Exuberant photographer, artist, writer, designer, wannabe chef, and Crossfitter.

Discussion

3 thoughts on “My relationship with food

  1. Hi Danielle,

    I read your post and thought, “Oh my God, I’m not the only one who is in a constant state of battle about food!!” It was incredibly brave of you to share such a personal and raw subject. I literally cannot go to a buffet without making disastrous choices. . .I can’t help it, I love to eat.

    And your heroin metaphor was so true. I sometimes think it may be easier to overcome a substance addiction because you can just completely turn away from it. Food on the other hand. . .We need it to live.

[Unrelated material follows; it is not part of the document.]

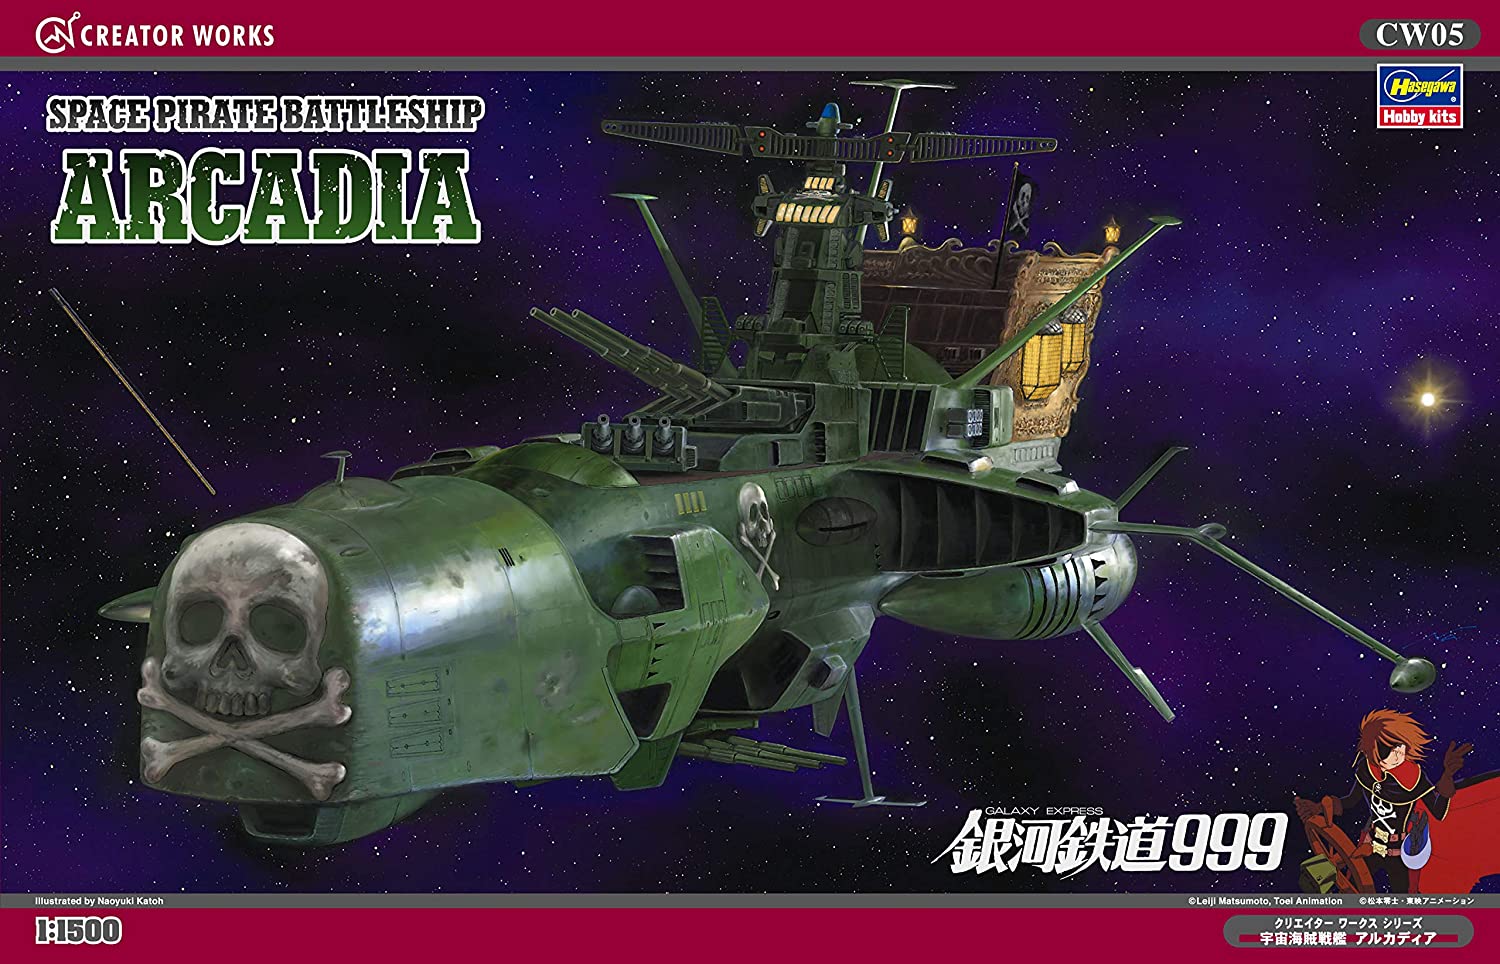 Hasegawa 1/1500: Space Pirate Battleship ARCADIA Third ship (Galaxy Express 999)

    Anyway, thank you again, and I look forward to future posts.

    Mahalo,
    Courtney

    Posted by Courtney Takabayashi | 28 February 2012, 8:19 pm
    • Thanks for your comment, Courtney! I’m glad you could relate to my story (which is pretty much my goal in the first place with my writing). It’s true–for some of us, food really is an addiction, but I think a lot of people are afraid to (a) admit it, and (b) identify it as such. But, you know, it is what it is, and everybody has their own hurdles, and ours just happens to be food, I guess. Best of luck to you in your own journey!

      Posted by Danielle | 1 March 2012, 6:28 pm
  2. Totally. This. I have come to realize that I will ALWAYS feel this way about food. Your heroin metaphor is great. Totally.